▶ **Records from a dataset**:
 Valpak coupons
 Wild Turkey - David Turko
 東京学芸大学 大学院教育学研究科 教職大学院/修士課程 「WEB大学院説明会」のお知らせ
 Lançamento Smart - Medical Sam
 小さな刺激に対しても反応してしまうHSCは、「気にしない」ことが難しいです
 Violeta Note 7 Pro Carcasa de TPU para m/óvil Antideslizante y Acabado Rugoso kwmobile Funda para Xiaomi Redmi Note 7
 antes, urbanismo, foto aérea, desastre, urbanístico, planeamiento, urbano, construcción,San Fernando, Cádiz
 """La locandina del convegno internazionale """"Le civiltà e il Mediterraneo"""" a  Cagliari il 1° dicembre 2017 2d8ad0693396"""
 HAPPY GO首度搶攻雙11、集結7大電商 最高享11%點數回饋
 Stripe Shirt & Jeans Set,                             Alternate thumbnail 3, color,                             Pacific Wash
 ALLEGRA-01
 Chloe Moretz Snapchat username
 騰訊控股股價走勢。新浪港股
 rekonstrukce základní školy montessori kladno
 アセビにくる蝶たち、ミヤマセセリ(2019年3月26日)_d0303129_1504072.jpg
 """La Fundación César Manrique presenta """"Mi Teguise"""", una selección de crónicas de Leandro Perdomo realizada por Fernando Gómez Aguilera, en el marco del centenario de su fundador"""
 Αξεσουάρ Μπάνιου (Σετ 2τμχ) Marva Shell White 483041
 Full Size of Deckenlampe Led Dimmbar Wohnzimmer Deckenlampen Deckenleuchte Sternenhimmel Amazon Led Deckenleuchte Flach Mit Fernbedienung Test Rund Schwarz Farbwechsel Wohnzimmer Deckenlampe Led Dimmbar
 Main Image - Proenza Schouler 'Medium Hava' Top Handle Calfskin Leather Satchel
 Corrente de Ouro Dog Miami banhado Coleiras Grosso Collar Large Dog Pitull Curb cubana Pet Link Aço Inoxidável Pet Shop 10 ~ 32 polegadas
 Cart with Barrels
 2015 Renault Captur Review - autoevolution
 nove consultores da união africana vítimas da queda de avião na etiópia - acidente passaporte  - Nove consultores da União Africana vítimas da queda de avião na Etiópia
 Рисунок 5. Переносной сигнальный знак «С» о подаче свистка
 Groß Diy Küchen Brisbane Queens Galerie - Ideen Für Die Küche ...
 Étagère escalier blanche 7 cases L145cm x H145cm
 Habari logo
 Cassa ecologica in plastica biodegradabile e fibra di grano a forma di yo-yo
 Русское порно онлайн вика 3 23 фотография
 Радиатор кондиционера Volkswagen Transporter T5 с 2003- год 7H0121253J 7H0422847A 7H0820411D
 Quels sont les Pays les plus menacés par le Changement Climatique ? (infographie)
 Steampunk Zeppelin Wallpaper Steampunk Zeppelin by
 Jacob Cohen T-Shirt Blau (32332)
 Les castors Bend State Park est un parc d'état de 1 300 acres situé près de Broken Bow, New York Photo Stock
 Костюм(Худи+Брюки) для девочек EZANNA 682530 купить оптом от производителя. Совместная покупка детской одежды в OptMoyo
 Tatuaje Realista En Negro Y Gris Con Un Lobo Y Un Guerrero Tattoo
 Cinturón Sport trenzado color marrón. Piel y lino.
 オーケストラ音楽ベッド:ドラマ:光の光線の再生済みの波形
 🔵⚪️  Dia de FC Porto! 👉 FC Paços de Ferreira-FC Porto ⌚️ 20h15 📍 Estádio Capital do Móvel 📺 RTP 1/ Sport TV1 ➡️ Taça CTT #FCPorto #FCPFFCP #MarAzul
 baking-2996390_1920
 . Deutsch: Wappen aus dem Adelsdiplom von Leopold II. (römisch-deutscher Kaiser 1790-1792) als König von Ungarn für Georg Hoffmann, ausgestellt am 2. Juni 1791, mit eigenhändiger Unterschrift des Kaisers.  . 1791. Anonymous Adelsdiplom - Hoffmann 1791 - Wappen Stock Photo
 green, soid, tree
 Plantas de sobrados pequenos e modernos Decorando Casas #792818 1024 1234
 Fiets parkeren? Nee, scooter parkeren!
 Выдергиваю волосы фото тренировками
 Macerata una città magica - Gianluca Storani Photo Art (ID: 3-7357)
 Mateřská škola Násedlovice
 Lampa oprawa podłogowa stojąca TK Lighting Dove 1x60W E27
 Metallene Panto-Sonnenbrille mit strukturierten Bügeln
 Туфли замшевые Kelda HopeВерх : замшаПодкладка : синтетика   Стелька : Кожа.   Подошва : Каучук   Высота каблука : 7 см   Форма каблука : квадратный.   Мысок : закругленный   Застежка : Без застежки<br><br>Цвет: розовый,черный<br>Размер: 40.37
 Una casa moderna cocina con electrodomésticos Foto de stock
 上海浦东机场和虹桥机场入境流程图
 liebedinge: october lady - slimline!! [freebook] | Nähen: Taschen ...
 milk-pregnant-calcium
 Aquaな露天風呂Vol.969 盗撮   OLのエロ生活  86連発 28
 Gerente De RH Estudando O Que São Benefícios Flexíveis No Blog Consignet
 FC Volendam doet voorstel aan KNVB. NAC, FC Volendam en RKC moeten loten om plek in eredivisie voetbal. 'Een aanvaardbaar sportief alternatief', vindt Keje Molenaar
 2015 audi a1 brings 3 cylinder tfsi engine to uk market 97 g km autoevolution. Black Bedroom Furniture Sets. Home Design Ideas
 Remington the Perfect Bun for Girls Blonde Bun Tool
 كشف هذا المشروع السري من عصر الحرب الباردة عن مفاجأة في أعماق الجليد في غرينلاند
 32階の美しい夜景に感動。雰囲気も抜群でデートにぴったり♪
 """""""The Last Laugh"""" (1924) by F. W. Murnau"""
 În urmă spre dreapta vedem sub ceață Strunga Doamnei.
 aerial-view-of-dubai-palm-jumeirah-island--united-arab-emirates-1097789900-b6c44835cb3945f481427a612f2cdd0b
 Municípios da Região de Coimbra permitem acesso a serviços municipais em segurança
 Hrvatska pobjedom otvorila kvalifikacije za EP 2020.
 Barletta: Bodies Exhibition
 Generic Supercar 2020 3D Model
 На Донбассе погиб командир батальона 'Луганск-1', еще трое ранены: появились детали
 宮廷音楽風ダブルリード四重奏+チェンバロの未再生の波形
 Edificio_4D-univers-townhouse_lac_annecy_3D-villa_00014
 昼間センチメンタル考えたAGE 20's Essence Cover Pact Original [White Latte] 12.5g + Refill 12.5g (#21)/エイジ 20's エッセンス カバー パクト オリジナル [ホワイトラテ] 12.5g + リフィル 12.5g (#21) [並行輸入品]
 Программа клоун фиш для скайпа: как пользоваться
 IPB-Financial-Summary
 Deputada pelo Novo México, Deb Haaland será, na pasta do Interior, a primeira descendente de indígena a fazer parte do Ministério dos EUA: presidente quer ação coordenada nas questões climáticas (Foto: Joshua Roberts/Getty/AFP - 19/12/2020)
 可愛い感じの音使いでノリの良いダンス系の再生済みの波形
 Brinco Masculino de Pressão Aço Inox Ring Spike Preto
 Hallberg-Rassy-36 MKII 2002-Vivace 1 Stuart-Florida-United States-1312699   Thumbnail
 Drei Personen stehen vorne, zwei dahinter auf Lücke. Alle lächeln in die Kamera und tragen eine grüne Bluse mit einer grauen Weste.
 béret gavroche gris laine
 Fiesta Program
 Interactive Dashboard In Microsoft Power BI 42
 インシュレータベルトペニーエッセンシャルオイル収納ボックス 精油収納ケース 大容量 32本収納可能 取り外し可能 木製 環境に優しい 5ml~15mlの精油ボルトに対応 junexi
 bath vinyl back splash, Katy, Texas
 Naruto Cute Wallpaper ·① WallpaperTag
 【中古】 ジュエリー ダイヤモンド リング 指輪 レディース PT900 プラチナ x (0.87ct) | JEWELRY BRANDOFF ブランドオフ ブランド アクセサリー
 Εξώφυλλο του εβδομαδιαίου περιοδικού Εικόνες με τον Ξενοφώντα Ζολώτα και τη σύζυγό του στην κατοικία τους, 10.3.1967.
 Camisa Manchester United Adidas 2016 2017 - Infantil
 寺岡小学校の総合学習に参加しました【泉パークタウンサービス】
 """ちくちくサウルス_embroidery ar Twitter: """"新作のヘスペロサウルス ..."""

▶ **Aim of the exercise**: Transcribe the entries above word for word, from the first line through the line containing "騰訊控股股價走勢。新浪港股", and nothing else.

▶ **Answer for the task**:
 Valpak coupons
 Wild Turkey - David Turko
 東京学芸大学 大学院教育学研究科 教職大学院/修士課程 「WEB大学院説明会」のお知らせ
 Lançamento Smart - Medical Sam
 小さな刺激に対しても反応してしまうHSCは、「気にしない」ことが難しいです
 Violeta Note 7 Pro Carcasa de TPU para m/óvil Antideslizante y Acabado Rugoso kwmobile Funda para Xiaomi Redmi Note 7
 antes, urbanismo, foto aérea, desastre, urbanístico, planeamiento, urbano, construcción,San Fernando, Cádiz
 """La locandina del convegno internazionale """"Le civiltà e il Mediterraneo"""" a  Cagliari il 1° dicembre 2017 2d8ad0693396"""
 HAPPY GO首度搶攻雙11、集結7大電商 最高享11%點數回饋
 Stripe Shirt & Jeans Set,                             Alternate thumbnail 3, color,                             Pacific Wash
 ALLEGRA-01
 Chloe Moretz Snapchat username
 騰訊控股股價走勢。新浪港股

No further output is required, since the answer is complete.